Also known as: Ruminal tympany
Bloat is the ruminal distension caused by excessive accumulation of gas produced by the fermentation process. Bloat can be categorised according to cause into Primary bloat (frothy bloat) and secondary bloat (free gas bloat). The condition progresses rapidly and can be fatal.
Primary bloat, or frothy bloat is the most common type of bloat, and usually affects several animals in a group at once. The condition can occur in feedlot cattle but is most frequently associated with cattle grazing lush, leguminous pastures. It occurs following the ingestion of large amounts of succulent green plant material which is highly fermentable and produces large amounts of gas. The material also contains high levels of soluble proteins, these act as foaming agents by reducing surface tension but increasing surface viscosity of rumenal liquids and a stable rumenal foam forms. The volatile fatty acids of the plant material consumed lower the rumenal pH and optimise conditions for the formation of froth. Gas present as foam is insufficient to trigger eructation, and so the rumen becomes distended.
Secondary bloat or free gas bloat results from any condition that interferes with eructation and includes physical or functional disroders of the oesophagus (e.g.oesophageal obstruction)or the forestomachs. Secondary bloat usually affects a single animal in a group and generally has a more sporadic occurrence.

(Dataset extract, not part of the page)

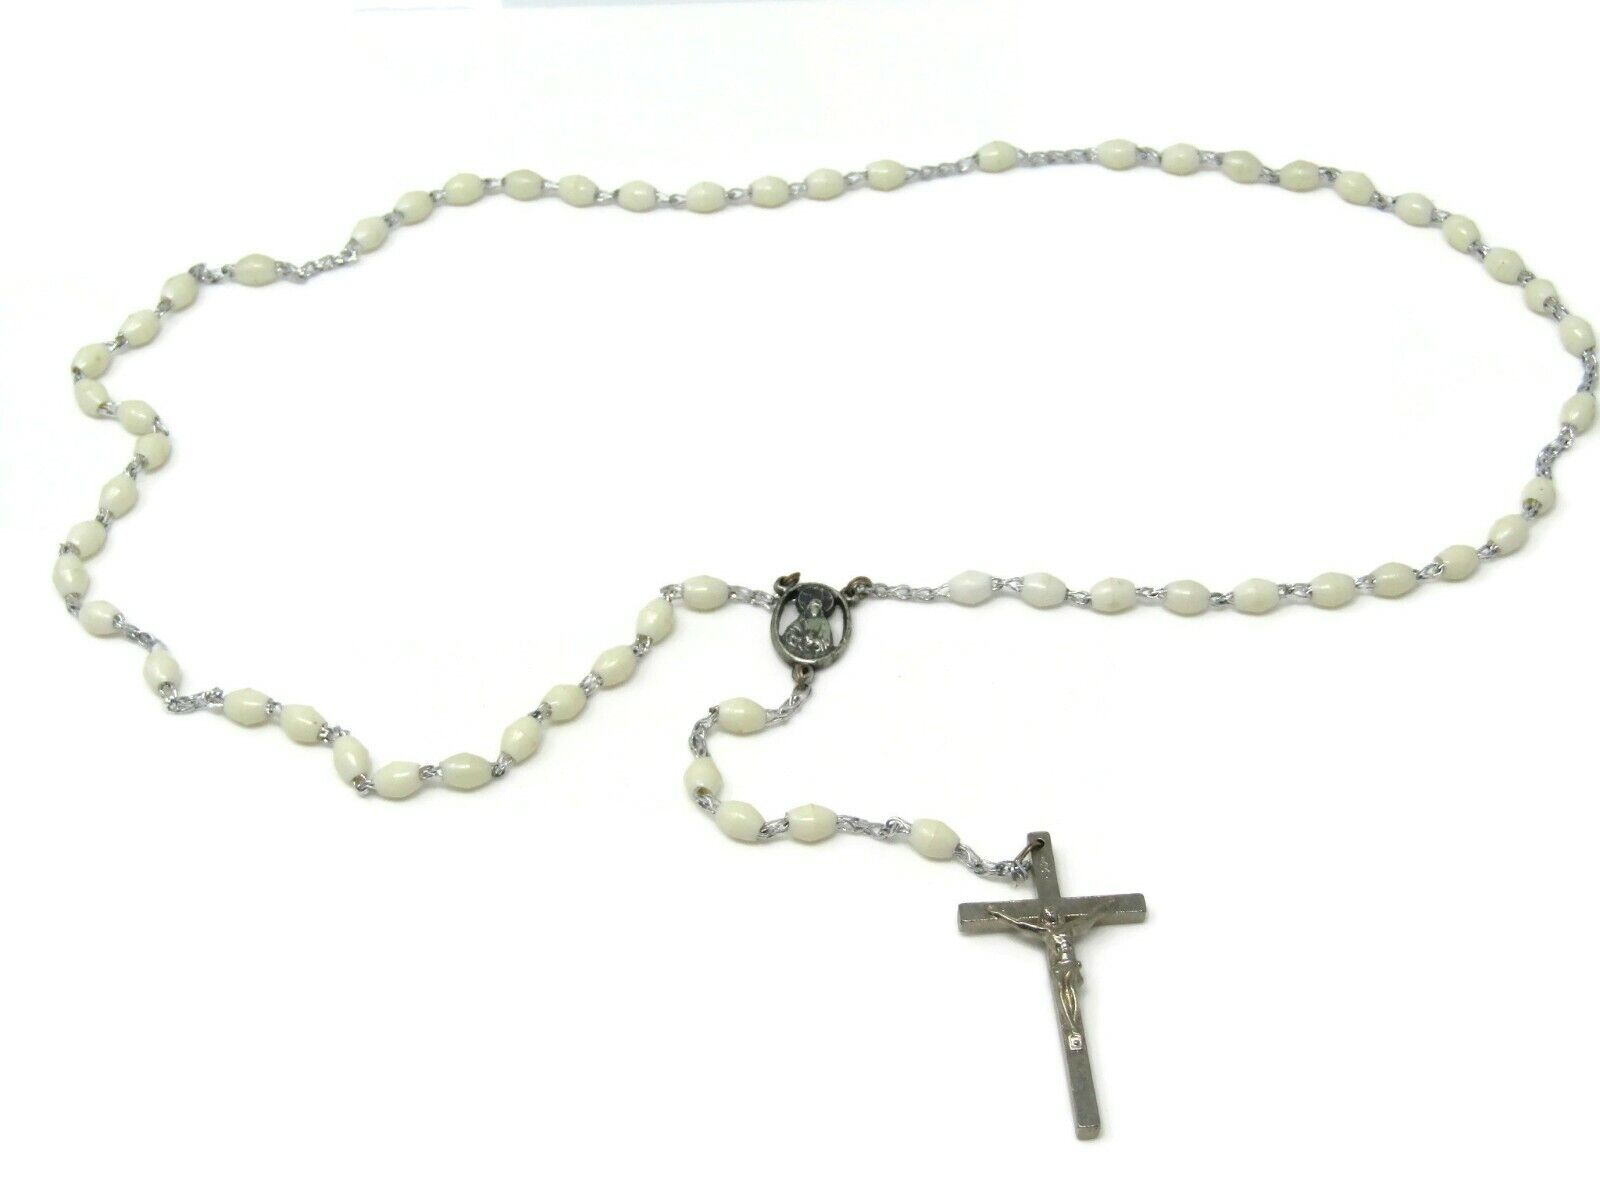 Vintage Crucifix White Beads Beautiful Christian Jewelry Made in Italy

It may be acute in the case of sudden oesophageal obstruction, caused by a foreign body such as a potato or turnip, or chronic resulting from partial oesophageal obstruction, compression, or from a forestomach motility disorder that interferes with normal eructation.
Causes of secondary bloat:
- Physical oesophageal obstruction
- Lesions of the oesophagus or oesophageal groove such as tumours, abcessation or infection with Actinobacillus lignieresii.
- Prolonged lateral recumbency
- Excessive cereal ingestion
- Rumenal atony
- Inability to eructate due to Tetanus or Milk fever
- Chronic inflammatory or adhesive disease of the reticulum
Primary bloat can occur in feedlot cattle but is generally associated with pastures rich in leguminous plants. There is a particularly high prevalence in New Zealand due to the high level of clover. In the UK occurrence of the disease coincides with turnout to lush pasture, especially in spring and autumn.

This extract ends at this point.